Palli shook his head ruefully. “Not as I’ve heard, lady.”
“Well, then, let us go to our supper and talk no more politics. It makes my old head ache.”
His muscles had seized up while he was sitting, despite the wine; Cazaril almost fell over, trying to rise from his chair. Palli caught him by the elbow and steadied him, and frowned deeply. Cazaril gave him a tiny shake of his head and went off to wash and change. And examine his bruises in private.
Supper was a cheerful meal, attended by most of the household. Dy Palliar, no slouch at table when it came to either food or talk, held the attention of everyone, from the Lord Teidez and Lady Iselle down to the youngest page, with his tales. Despite the wine he kept his head in the high company, and told only the merry stories, with himself more as butt than hero. The account of how he’d followed Cazaril on a night sortie against the Roknari sappers, and so discouraged them for a month thereafter, drew wide-eyed stares upon Cazaril as well as himself. They clearly had a hard time picturing the royesse’s timid, soft-spoken secretary grinning in the dirt and the soot, scrambling through the burning rubble with a dirk in his hand. Cazaril realized he disliked the stares. He wanted to be . . . invisible, here. Twice Palli tried to toss the conversational ball to him, to take a turn at the entertaining, and twice he fielded it back to Palli or to dy Ferrej. After the second attempt fell flat, Palli desisted from trying to draw him out.

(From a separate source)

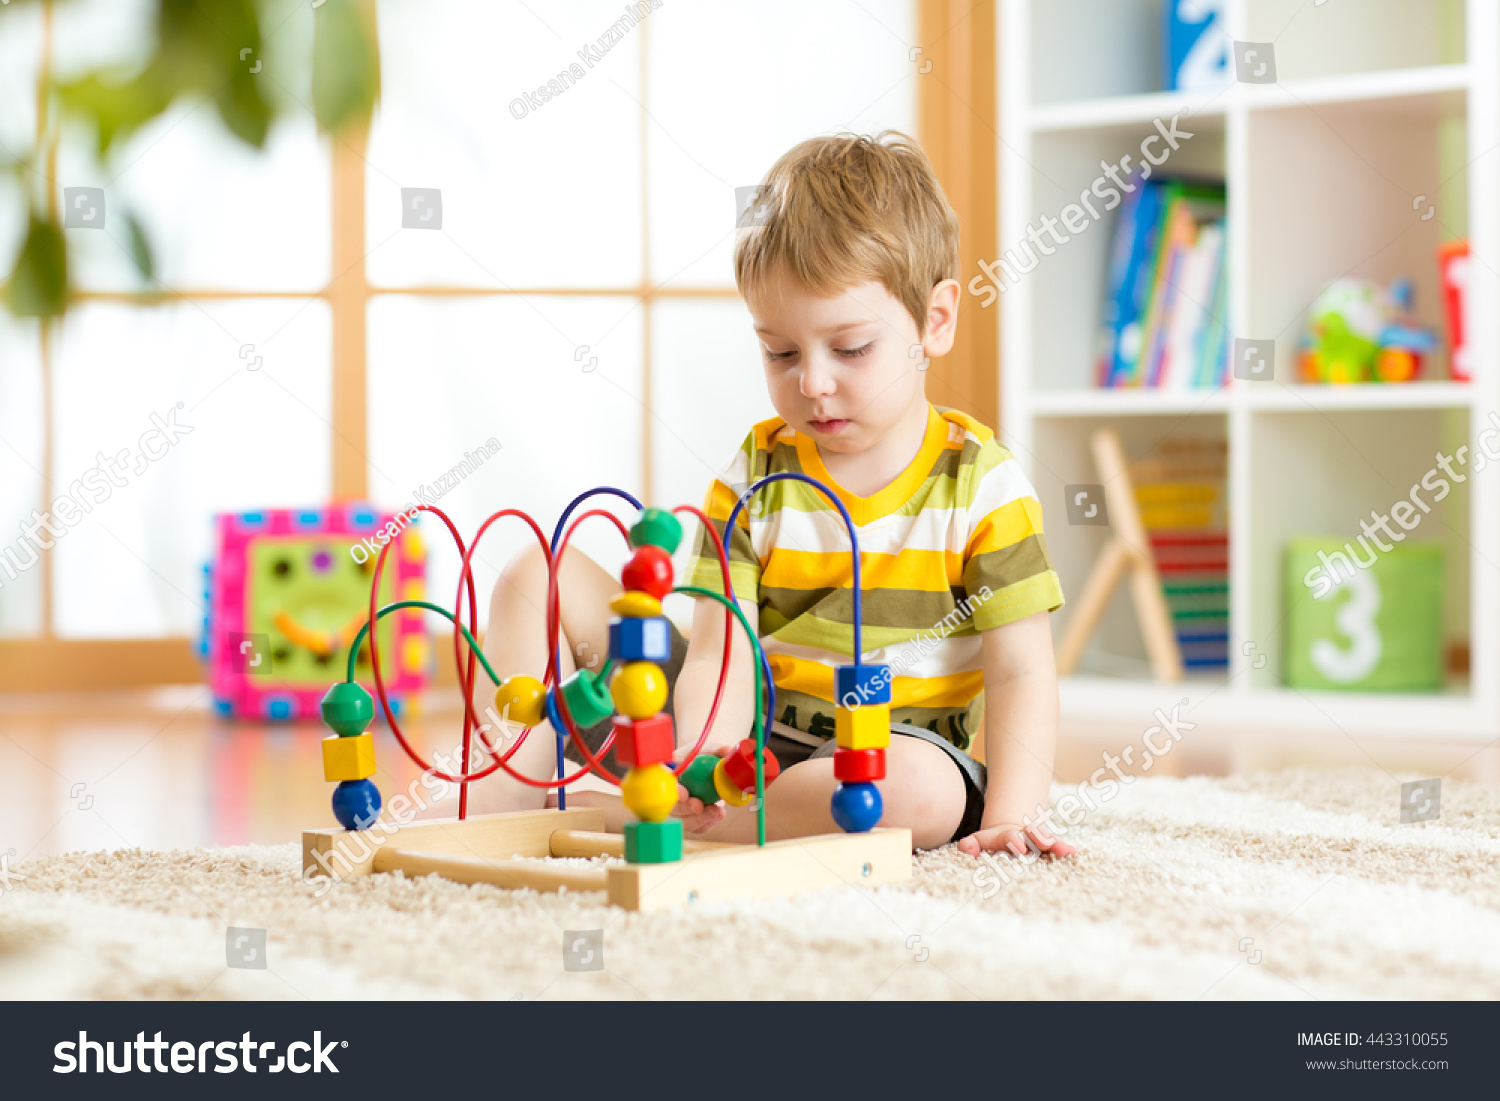 toys for kindergarten boy

The meal ran very late, but at last came the hour Cazaril had been both longing for and dreading, when all parted for the night, and Palli knocked on his chamber door. Cazaril bade him enter, pushed the trunk to the wall, tossed a cushion upon it for his guest, and settled himself upon his bed; both he and it creaked audibly. Palli sat and stared across at him in the dim double candlelight, and began with a directness that revealed the trend of his mind all too clearly.